The material below should be copied line for line, please, with pictures omitted.

Given material:
Segment Open
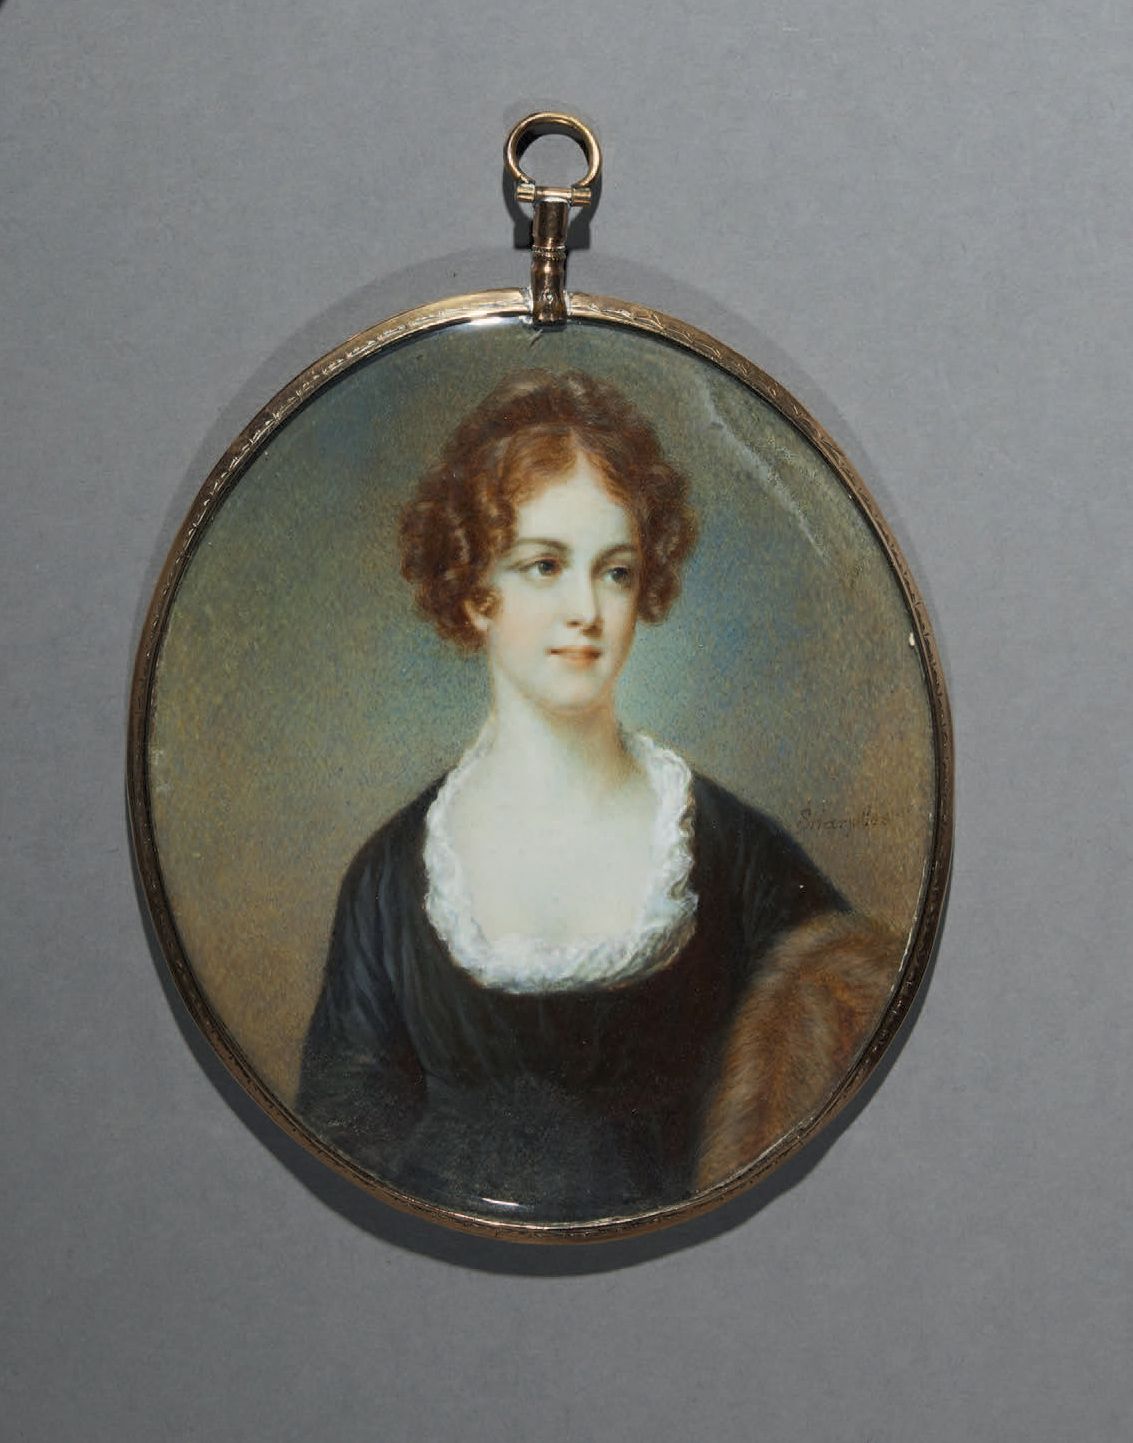 SHARPELS, Hellen - Ms James SHARPLES (1769-1849) 
穿着黑色天鹅绒连衣裙和毛皮围巾的年轻女子的画像



象牙上&hellip;
Segment Closed
Answer to this exercise:
 SHARPELS, Hellen - Ms James SHARPLES (1769-1849) 
穿着黑色天鹅绒连衣裙和毛皮围巾的年轻女子的画像



象牙上&hellip;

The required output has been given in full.